Note that ANCOVA and MLR assume that the modeled outcome is an unrestricted variable with homogeneous variance. Our example already violates this assumption: expenditures cannot take a negative value. The problem of a restricted range can be solved by transforming the variable, for instance using a log or square-root transformation (this works for both outcome and predictor variables: we would use it for anual income as well). The problem of heterogeneous variance can be solved by using poisson regression for counts/rates (e.g. the number of products bought) or logistic regression for binary data (e.g. whether the user returns to the site within a week, yes or no).
Within-subjects a.k.a. repeated measures experiments
A useful way to reduce the number of users needed for an experiment is to do a within-subjects experiment. In such an experiment, participants do not use one but all of the experimental systems, and measures are taken for each of these interactions. Analysis can now focus on the differences between users, instead of between user groups, which increases the power of the analysis.
The problem with within-subjects experiments is that the order of the conditions may influence the outcome. Participants may be more enthusiastic the first time they use a system (novelty effect) or become bored after one or two interactions (user fatigue). When subjective measures are taken, users will inherently compare their interaction with the preceding interactions, and a comparison of B with A may be different from a comparison of A with B. A typical way to deal with this problem is to include all possible orders in the experiment (PA->PB and PB->PA) and randomly assign users to an order. Not all orders are needed; a Latin Square design in which each condition takes each position in the order once is often good enough. The effect of "position" can be used as a predictor in the analysis.

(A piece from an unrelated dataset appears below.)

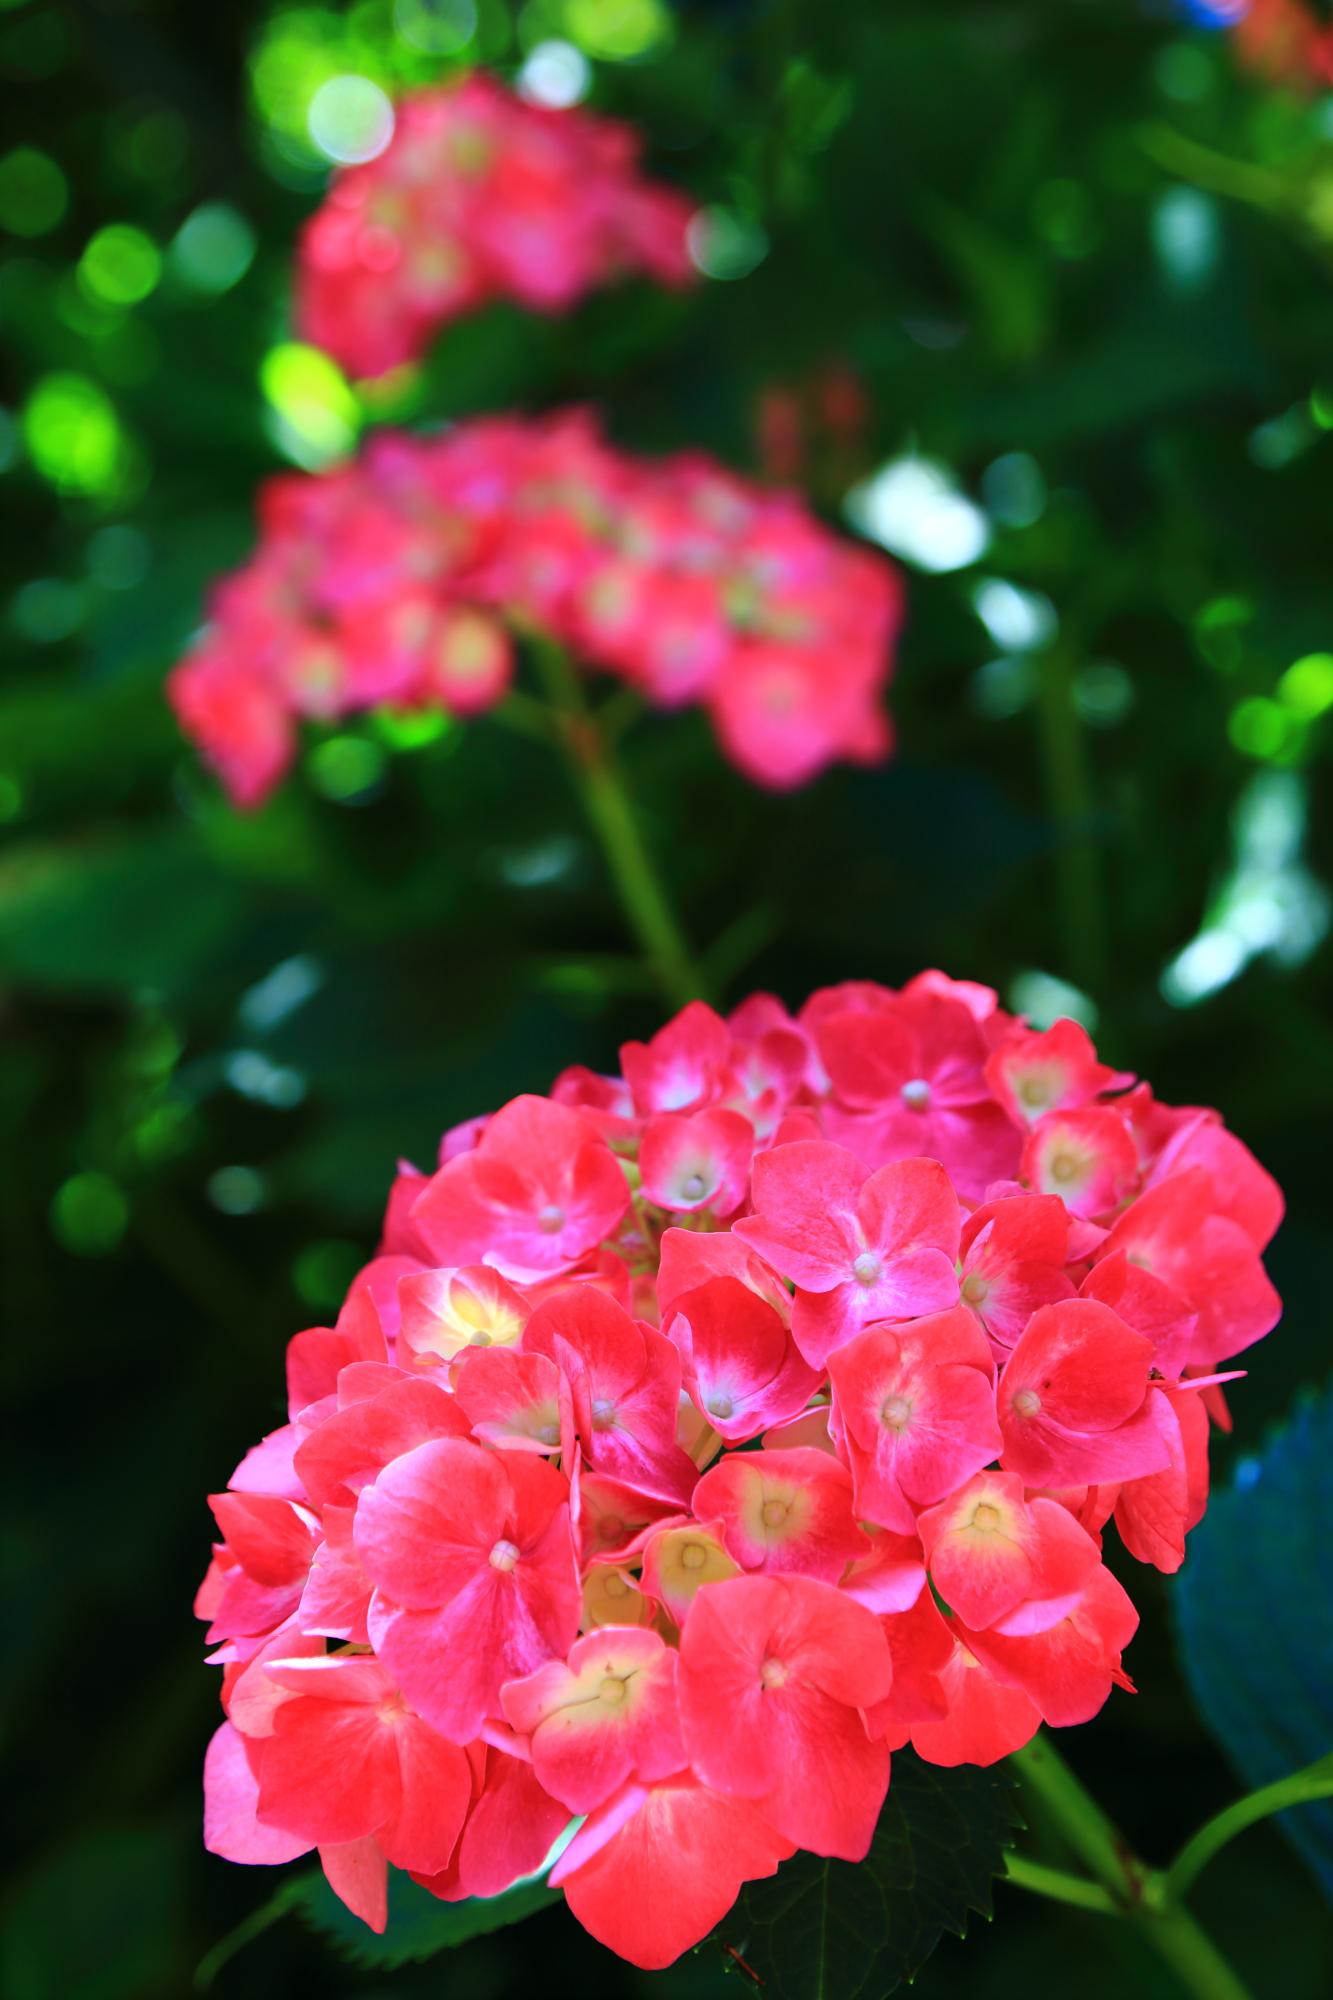 目を引くような華やかな朱色の紫陽花

When evaluating usability or user experience with a within-subjects experiment, the effect of order can be so prominent that it overshadows all other effects. The order may also produce all kinds of unpredicted interaction effects. It is therefore advisable to use a standard between-subjects experiment wherever possible.
Mediators and path models
Often, not one but several outcome measures are taken. This allows experimenters to test the effect of aspect P on several outcomes, e.g. perceived recommendation quality (X) and expenditures (Y). However, X can in this case also be used as a covariate in the analysis of the effect of P on Y. If P causes X and if X causes Y, then X is said to be a mediator of the effect of P on Y. If, after controlling for X, there is no residual effect of P on Y, then X is said to fully mediate the relation of P on Y. Using mediation, one can build path models of effects, such as P->X->Y->Z. Statistical software exists that can fit the regressions associated with path models simultaneously.